Baptists have always utilized confessions of faith to express their understanding of the Christian life. Leon McBeth's Baptist Heritage describes several ways in which Baptists used confessions.

What ways were you particularly interested in?

Are these still valid uses of confessions today?

How can they be abused?

How do they relate to the other notion that Baptists hold called the "priesthood of the believer?"

Monday, October 09, 2006

The theories on Baptist origins have fascinated me since I first began to study Baptist history. I took William Estep's course on the Anabaptist Reformation and wrote a very basic paper on the relationship between Baptists and Anabaptists. Estep was a proponent of Anabaptist influence on the formation of both the General and Particular Baptists. Later on, in my dissertation on Primitive Baptists, I articulated the idea that the successionistic theory of Baptist origins was so popular among rank and file Baptists in the 19th century because they were intent to prove that they did not fall victim to the corruptions that had rendered the bulk of Christianity invalid. Baptists were pure because they had never lost the authentic expression of New Testament Christianity which they found expressed in the pages of the New Testament.

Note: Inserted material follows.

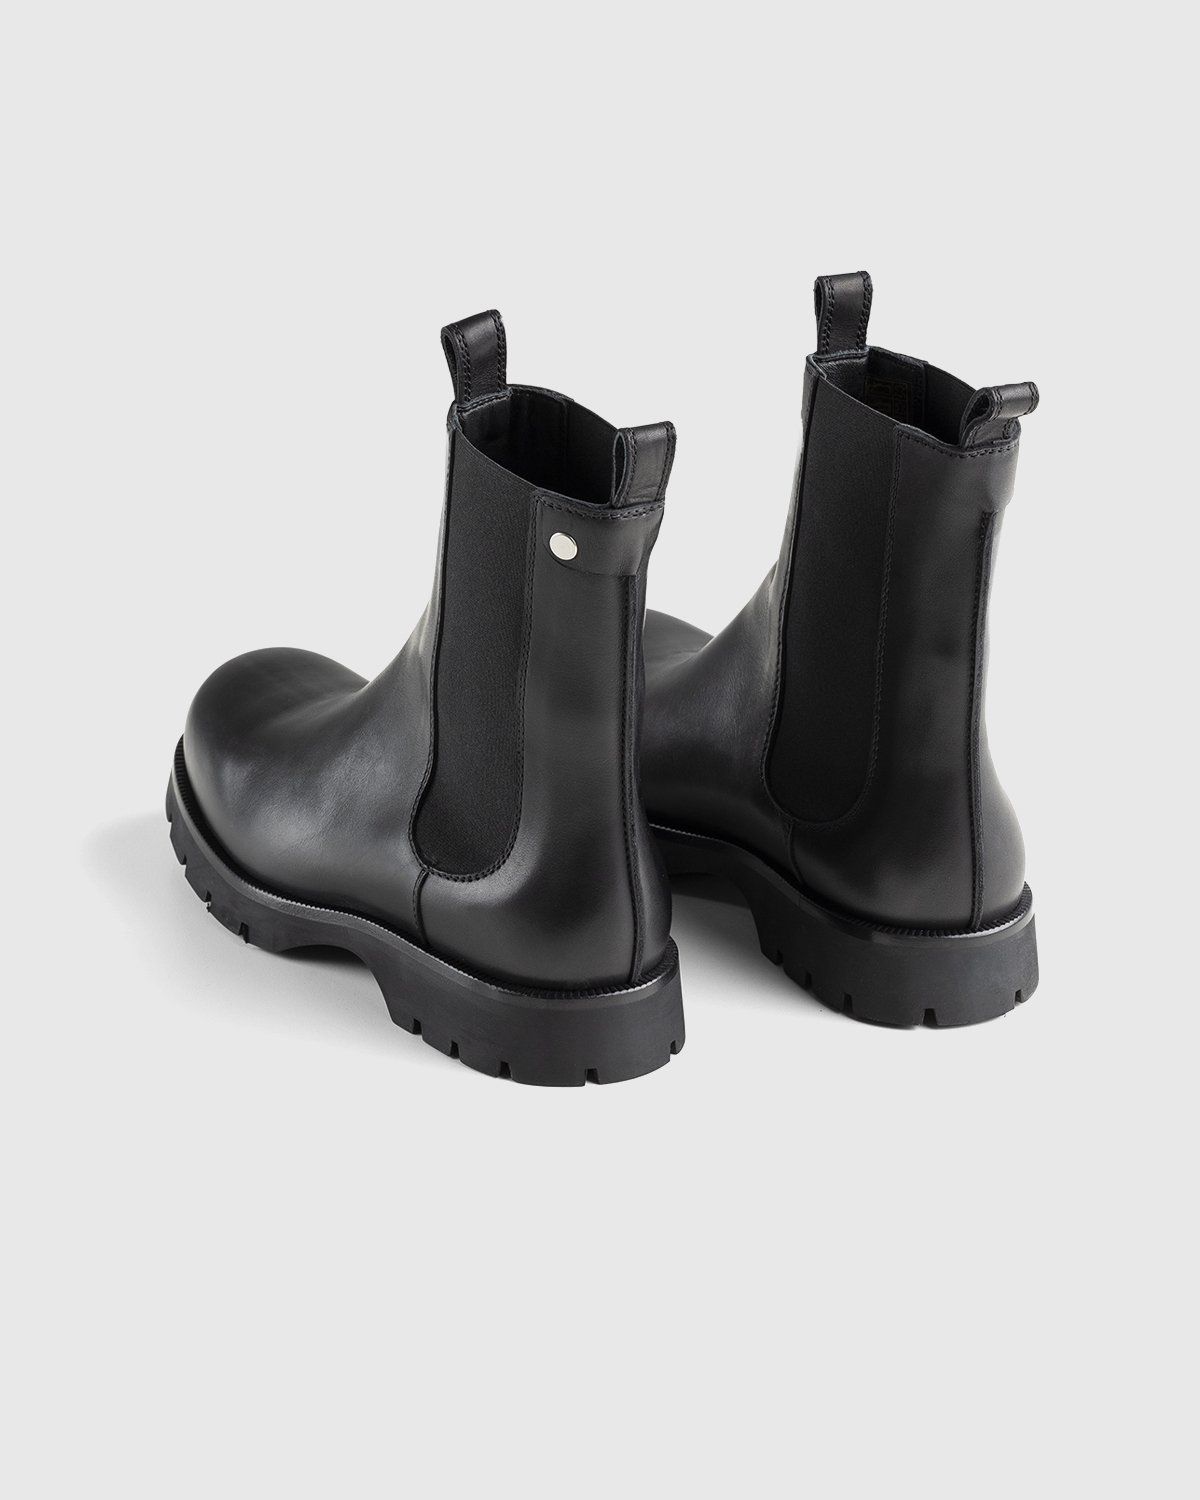 Jil Sander – Chelsea Boots Black - Image 4

Are Baptists today interested in preserving New Testament Christianity? Is it necessary to do so? Do we need biblical authority for all our organizations such as associations and conventions? These are just some of the questions that can be raised after examining the different theories of Baptist origins. What others can you think of?

Monday, October 02, 2006




I really am a bowtie Baptist. Here I am wearing my "Vitruvian Man" bowtie from Beauties Ltd. of Vermont.

Saturday, September 02, 2006

This blog is dedicated to exploring the Baptist Heritage in all its complexity. Along the way I hope to explore this complexity, looking at what it is that Baptists have in common as well as what makes each group distinct.